» **Data**:
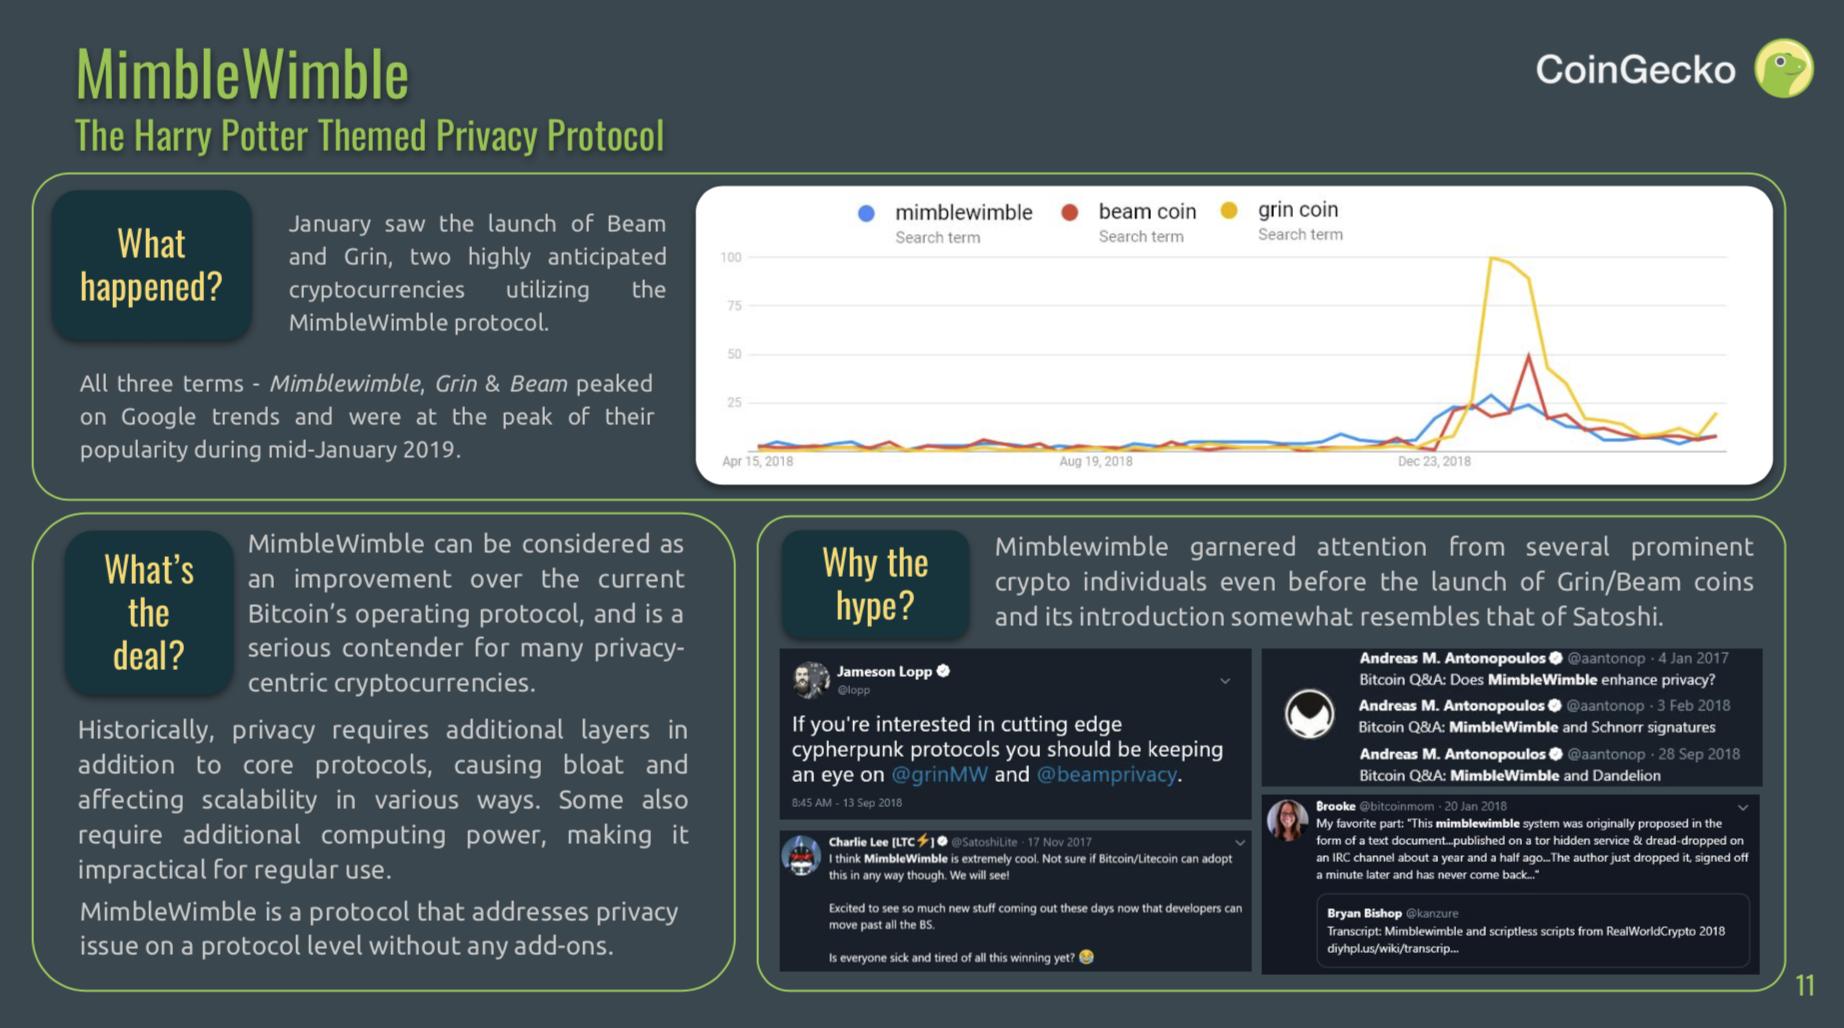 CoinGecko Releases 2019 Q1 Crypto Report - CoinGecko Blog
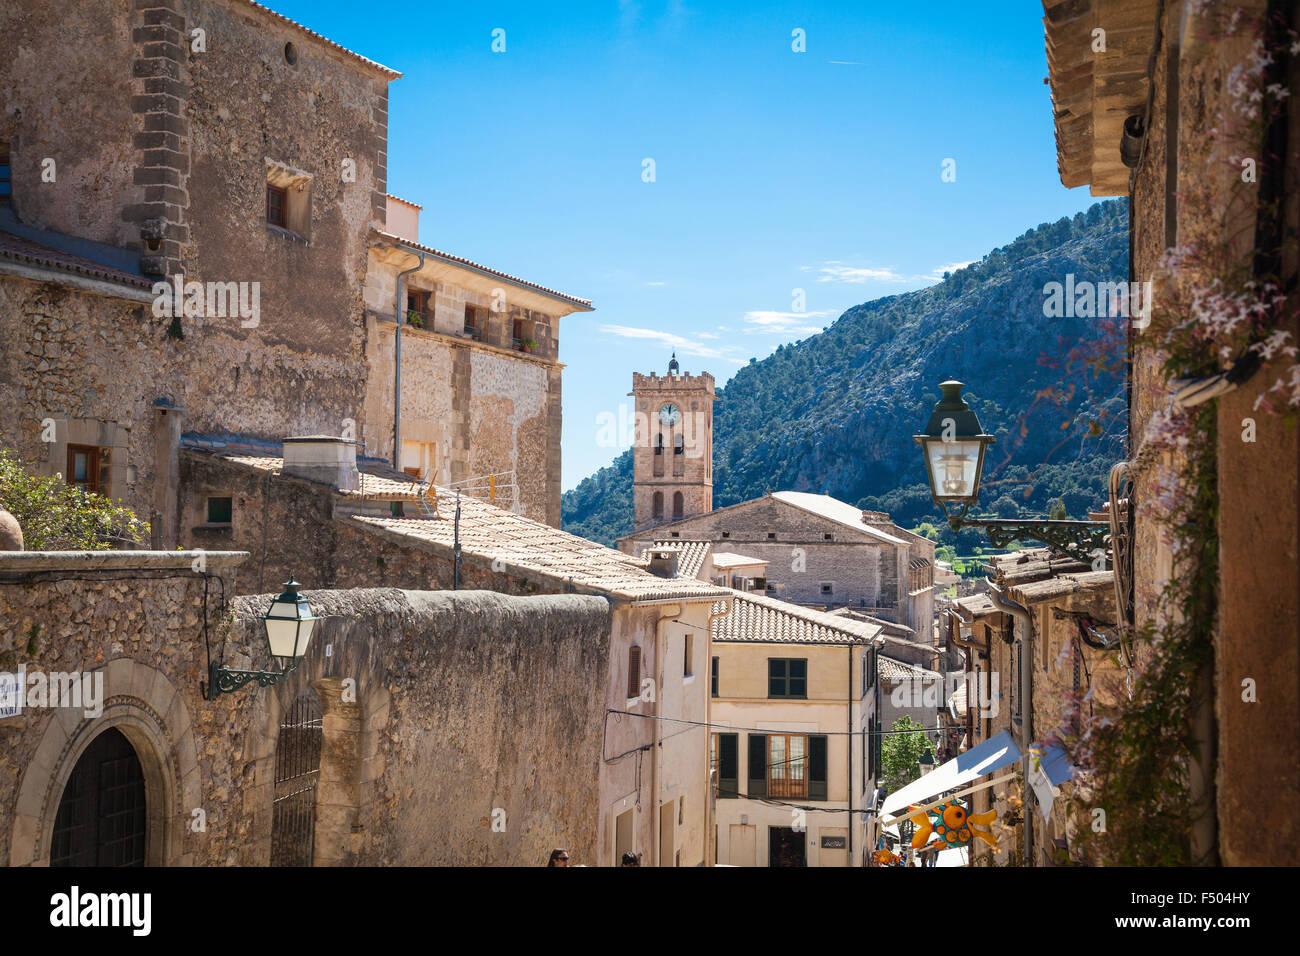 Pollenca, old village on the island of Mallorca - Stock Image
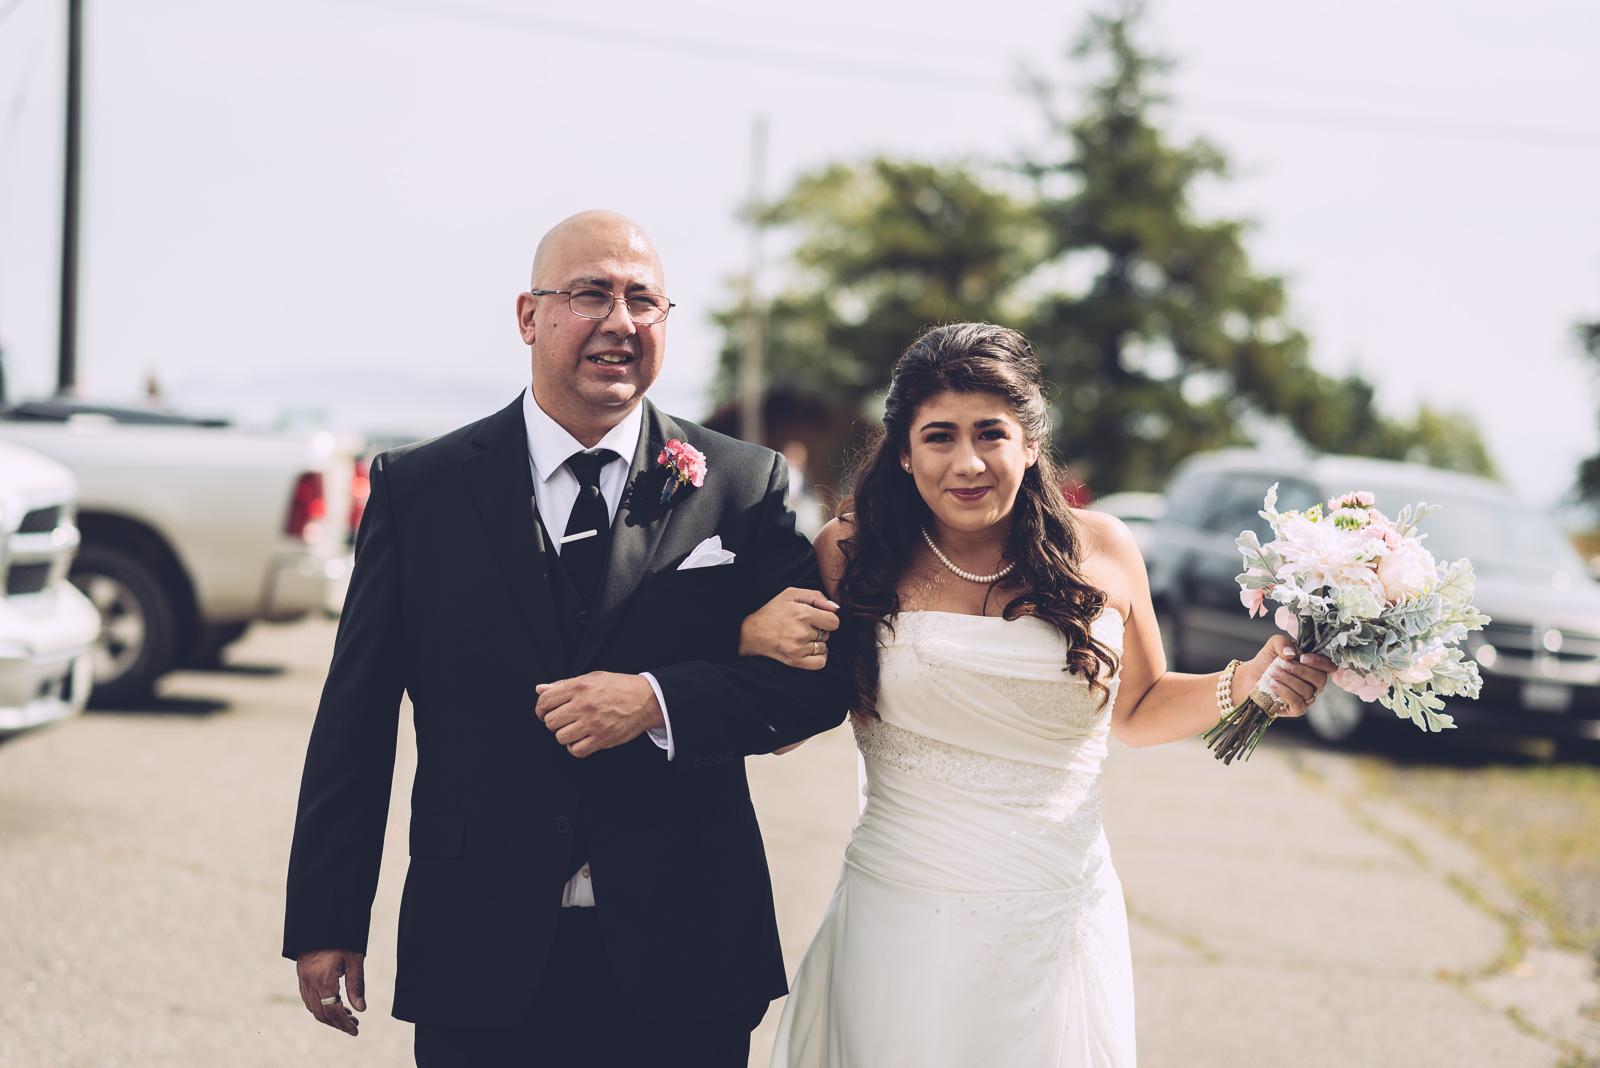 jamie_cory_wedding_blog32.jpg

» **Work item**: Output the listing exactly. Leave out any image.

» **Written answer**:
 CoinGecko Releases 2019 Q1 Crypto Report - CoinGecko Blog
 Pollenca, old village on the island of Mallorca - Stock Image
 jamie_cory_wedding_blog32.jpg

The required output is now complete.